RAG Evaluation Toolkit on an IPCC Climate Agent¶
Install dependencies and download the IPCC report¶
[ ]:
!pip install "giskard[llm]" --upgrade
!pip install llama-index PyMuPDF
[ ]:
!wget "https://www.ipcc.ch/report/ar6/syr/downloads/report/IPCC_AR6_SYR_LongerReport.pdf" -O "ipcc_report.pdf"

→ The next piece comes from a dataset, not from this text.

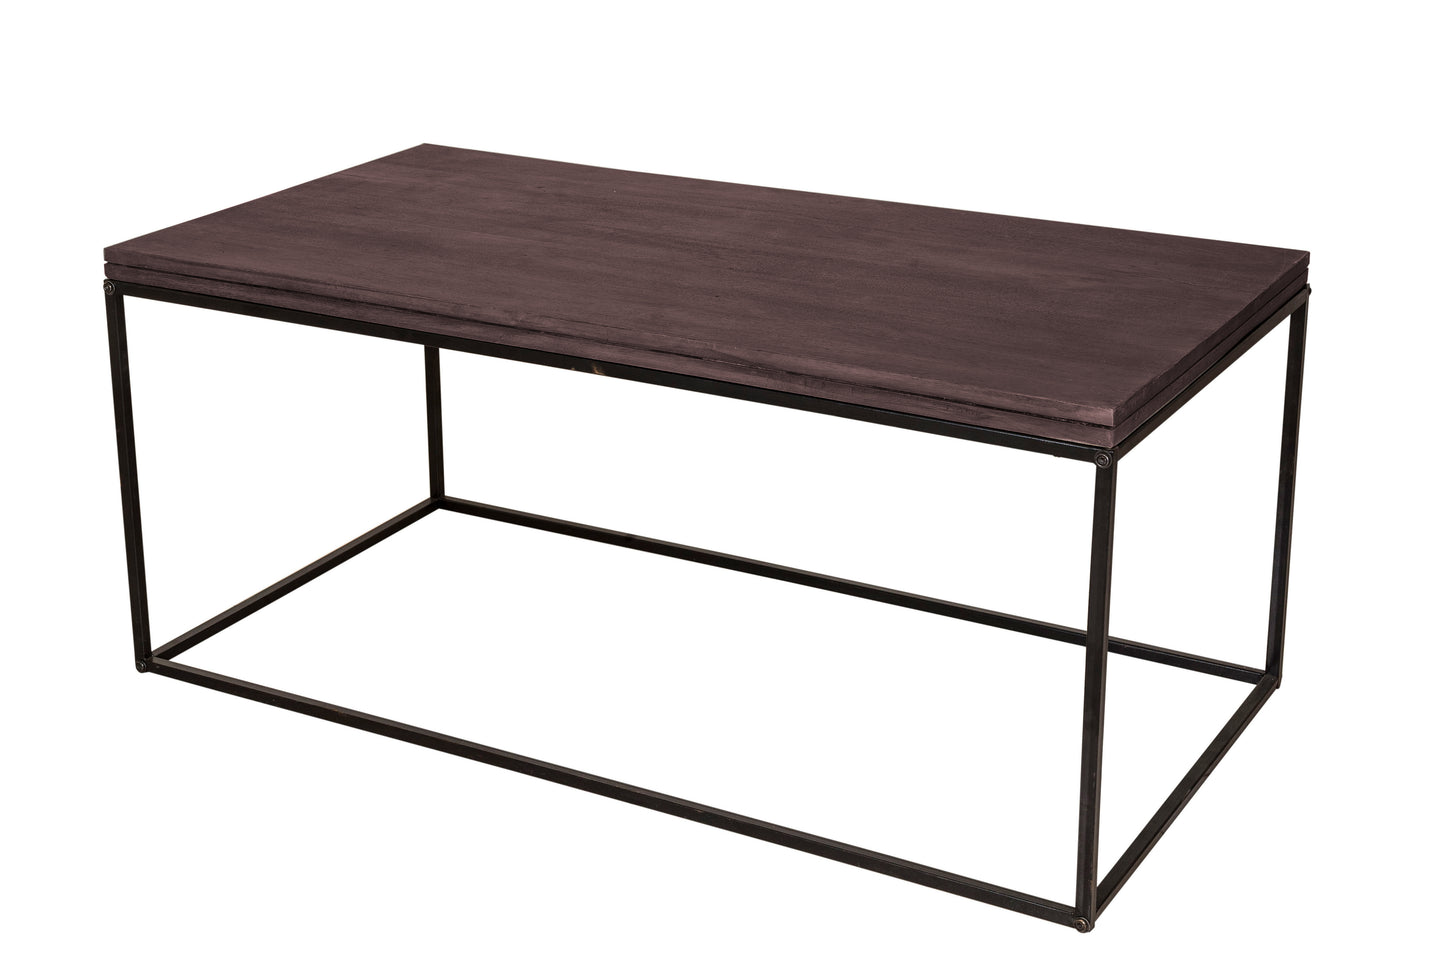 Mackay Bed Side Table - metallikafurniture.com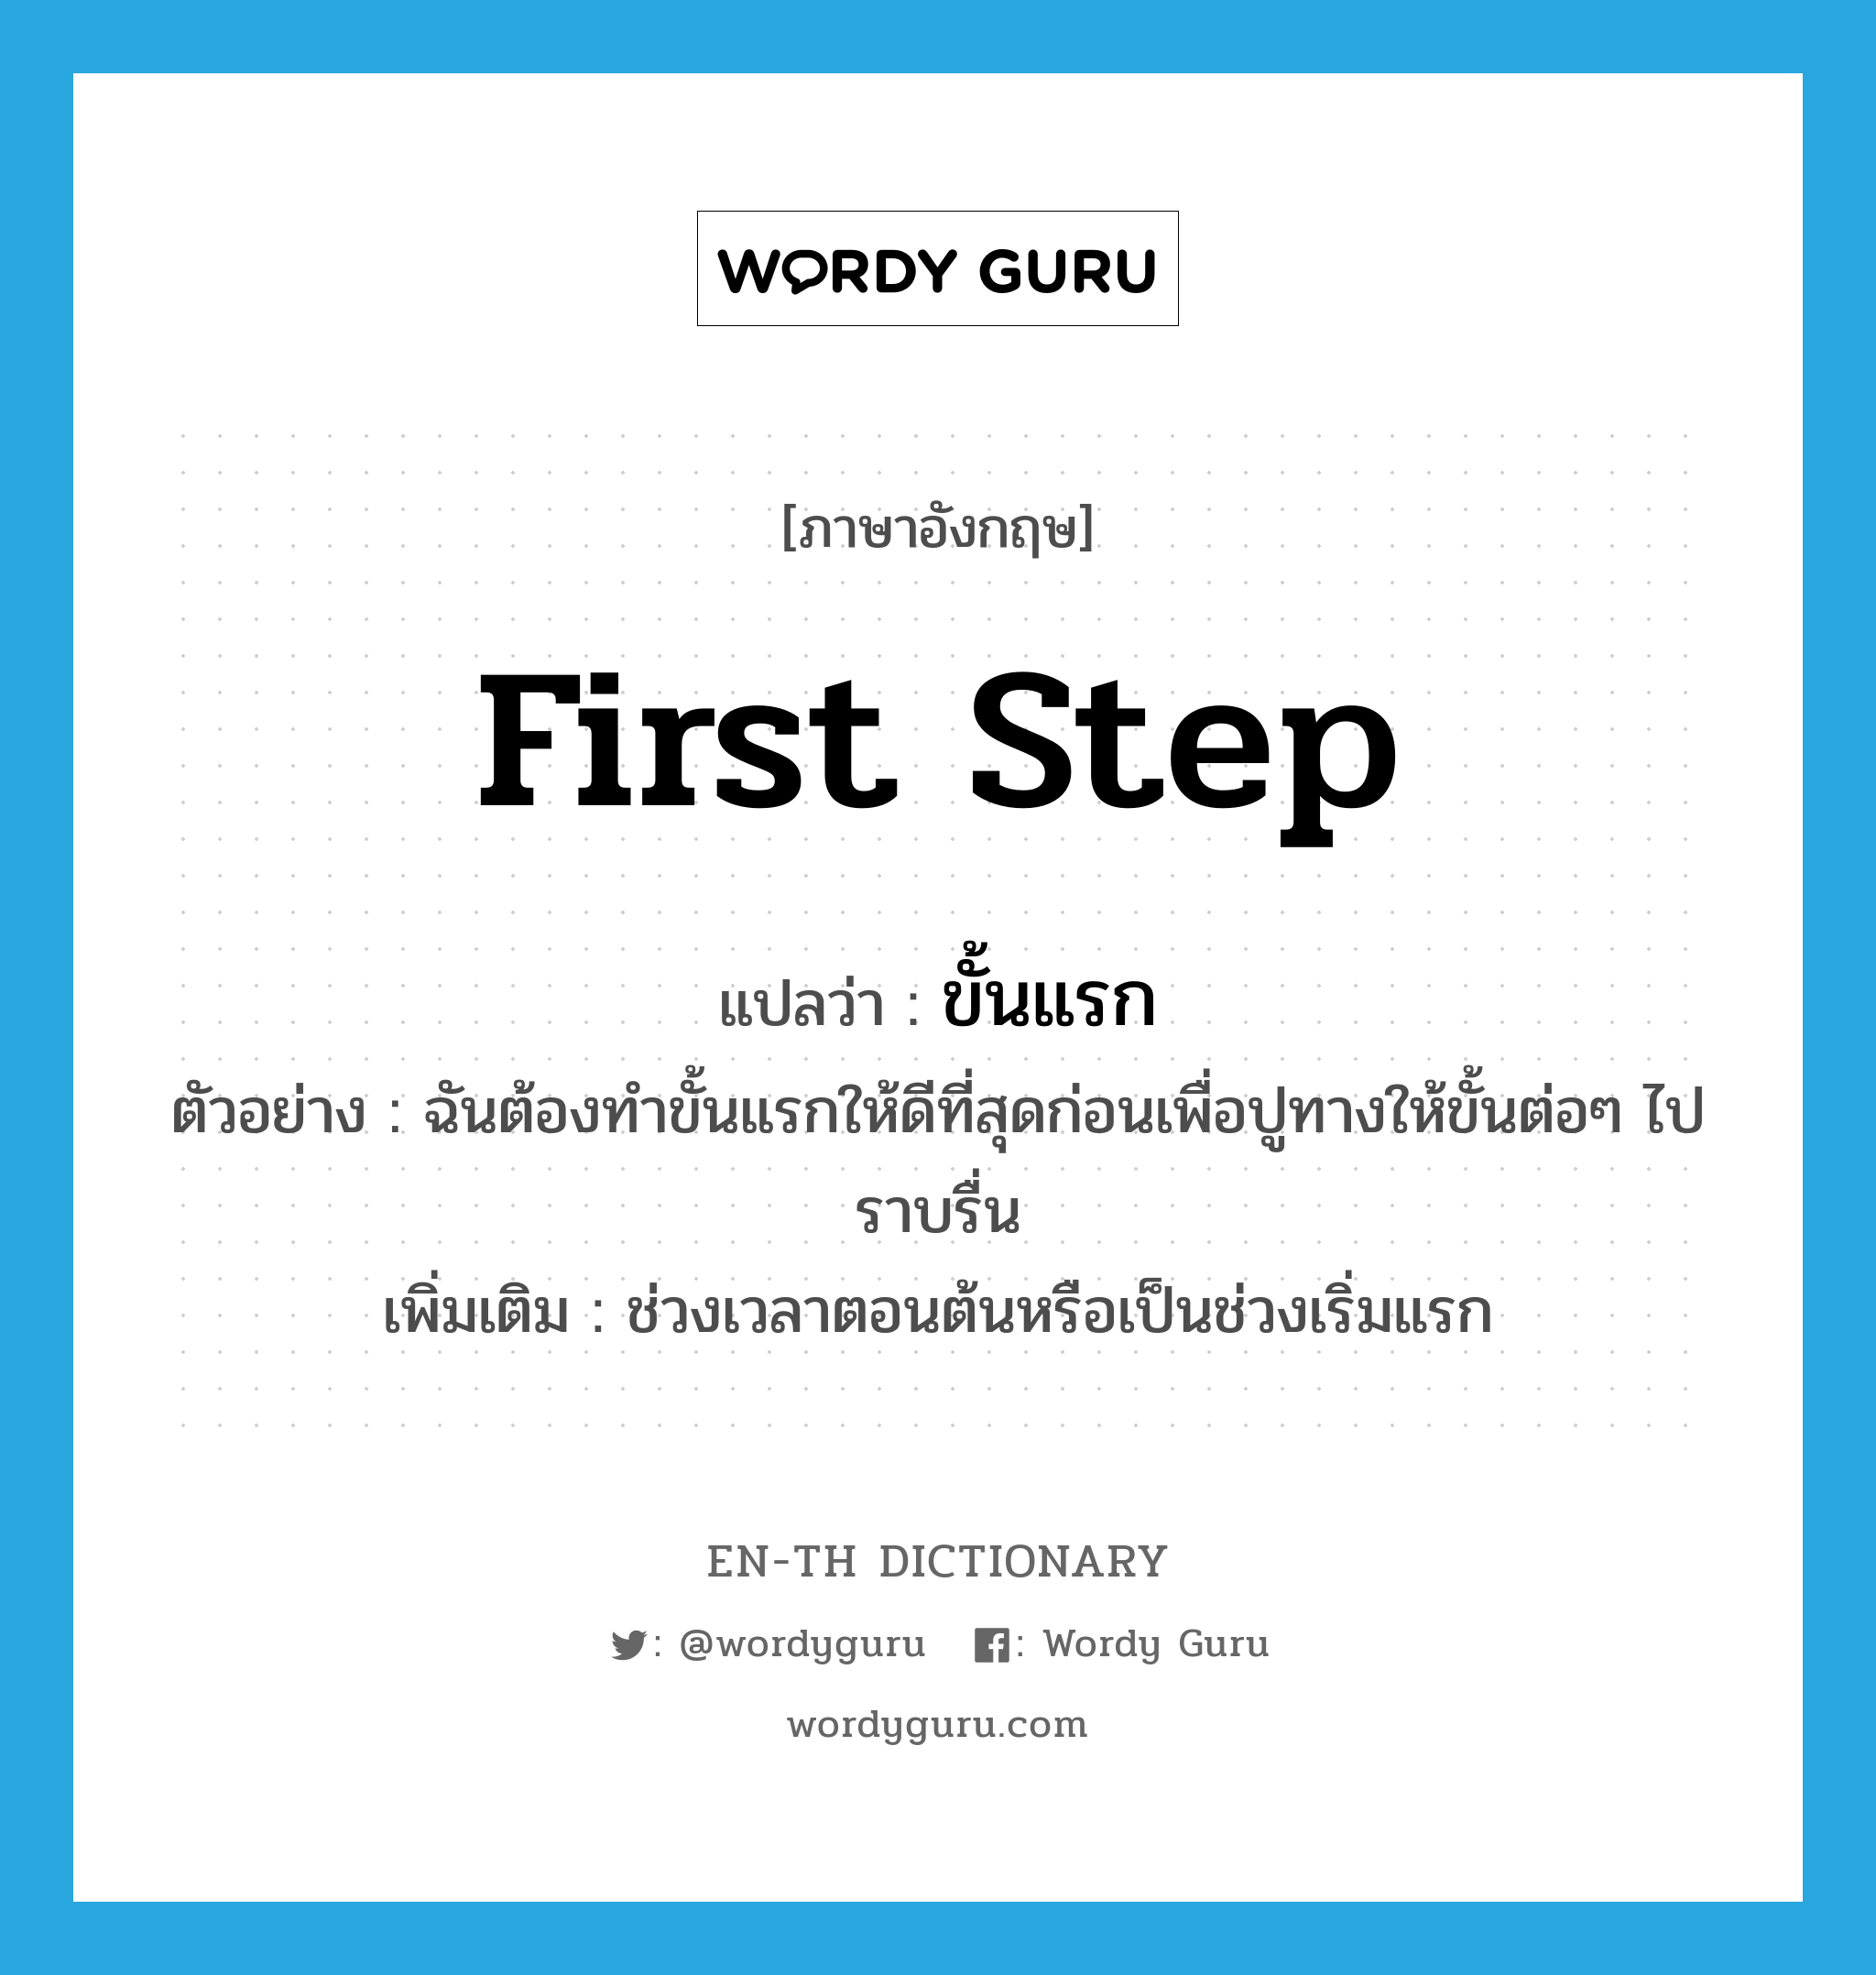 first step แปลว่า?, คำศัพท์ภาษาอังกฤษ first step แปลว่า ขั้นแรก ประเภท N ตัวอย่าง ฉันต้องทำขั้นแรกให้ดีที่สุดก่อนเพื่อปูทางให้ขั้นต่อๆ ไปราบรื่น เพิ่มเติม ช่วงเวลาตอนต้นหรือเป็นช่วงเริ่มแรก หมวด N

The testset generation can take up to several minutes. If you want to test RAGET on the IPCC report, we prepared a demo testset along with the evaluation report of the RAG model build in this notebook. These can be downloaded with the following command:
[ ]:
!git clone https://github.com/Giskard-AI/raget_demo.git
Build RAG Agent on the IPCC report¶
[1]:
import pandas as pd
import warnings
pd.set_option("display.max_colwidth", 400)
warnings.filterwarnings('ignore')
[2]:
from llama_index.core import VectorStoreIndex
from llama_index.core.node_parser import SentenceSplitter
from llama_index.readers.file import PyMuPDFReader
from llama_index.core.base.llms.types import ChatMessage, MessageRole
loader = PyMuPDFReader()
ipcc_documents = loader.load(file_path="./ipcc_report.pdf")
[3]:
splitter = SentenceSplitter(chunk_size=512)
index = VectorStoreIndex.from_documents(ipcc_documents, transformations=[splitter])
chat_engine = index.as_chat_engine()
Let’s test the Agent¶
[4]:
str(chat_engine.chat("How much will the global temperature rise by 2100?"))
[4]:
'The projected global temperature increase by the year 2100 is 3.2 degrees Celsius, with a range of 2.2 to 3.5 degrees Celsius.'
Generate a test set on the IPCC report¶
[5]:
from giskard.rag import KnowledgeBase, generate_testset, QATestset
text_nodes = splitter(ipcc_documents)
knowledge_base_df = pd.DataFrame([node.text for node in text_nodes], columns=["text"])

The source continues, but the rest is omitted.